Ки демонстративно повернулась к нему спиной, держа тем не менее ухо востро. Подобрав полупустой котелок, она снова устроила его над огнем и долила уцелевшую гущу водой из бочонка. Мужчина не двигался. Ки с раздражением покосилась на него. Он все так же лежал на спине, раскинув руки, и это обезоруживало. Нет, сказала себе Ки, никакого дела мне до него нет. Сейчас же прогоню его прочь - и от костра, и из своих мыслей. Она проследила взглядом за тем, как приподнималась и опадала его костлявая грудь под изорванной грязной рубашкой.
- Поедешь со мной, - тоном приказа произнесла она наконец. - Мне, как и тебе, непременно надо на ту сторону.

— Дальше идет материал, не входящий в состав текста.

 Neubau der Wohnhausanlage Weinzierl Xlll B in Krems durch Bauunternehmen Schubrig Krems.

И коли уж нам обоим приспичило, почему бы не отправиться вместе? А теперь давай-ка вставай, есть будем. Тоже мне, из трех щепочек сложенный...
- Поломанных притом, - охотно согласился он. Кряхтя и непритворно постанывая, он перевернулся и встал, ощупывая ребра. - Или по крайней мере надтреснутых. Я столько постился, что даже ты меня едва не прихлопнула...

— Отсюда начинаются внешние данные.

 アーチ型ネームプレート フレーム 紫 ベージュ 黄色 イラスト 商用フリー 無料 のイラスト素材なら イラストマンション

Он усмехнулся и поскреб кудлатую голову. Тряхнул головой и принялся расчесывать кудри пятерней, вытаскивая листья и траву, набившиеся в волосы во время схватки.

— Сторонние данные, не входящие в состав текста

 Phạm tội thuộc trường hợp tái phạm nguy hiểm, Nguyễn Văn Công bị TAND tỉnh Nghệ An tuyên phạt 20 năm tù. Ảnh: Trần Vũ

Ки мрачно смотрела на него, не понимая и не принимая его шутливого тона. Уже давным-давно никто не отваживался шутить с ней. Тоже еще весельчак. Можно подумать, не она только что пресекла его попытку воровства, скрутила его и приставила нож к горлу. И, пожалуйста, он стоял перед ней и криво улыбался. Она ждала от него чего угодно, но только не этого.
Ки наведалась в кабинку и вытащила дополнительную порцию еды, продолжая, впрочем, краем глаза следить за незнакомцем. Покрошила в воду коренья и мясо и стала помешивать. Он молча следил за ней. Она подняла наконец глаза, и его улыбка тотчас сделалась шире:
- Неужели ты меня даже не свяжешь? А вдруг я тебя все-таки как-нибудь одолею и удеру на одном из твоих коней?
Передернув плечами, Ки натрясла немного чаю в горшочек и устроила его в горячих камнях возле огня.
- Кони уже достаточно напуганы, - сказала она. - Ты сам видел, я их не привязываю. Если захочешь увести одного из них, сумей сначала поймать. Положим даже, ты меня одолеешь... хотя это и сомнительно. Ну, допустим, убьешь. Интересно, как ты их поймаешь, если от тебя будет разить моей кровью. Нет, если ты действительно хочешь за перевал, ты ничего подобного не предпримешь. У тебя одна надежда: делать то, что я скажу.
Ки с сожалением посмотрела на кружку горячего, только что налитого чая, которую держала в руках. Весьма неохотно она протянула ее парню поверх костра и полезла в посудный ящик за второй. Он молча следил за тем, как она наливает себе, как прихлебывает. Он держал кружку в ладонях, отогревая тощие руки. Ки смотрела на него поверх своей кружки, потягивая чай и улыбаясь про себя. Вот и она поставила его в тупик: теперь уже он явно не знал, как себя вести. Какие глупости. Ребячество. Ки презрительно хмыкнула, но дурацкое ощущение торжества так и не прошло.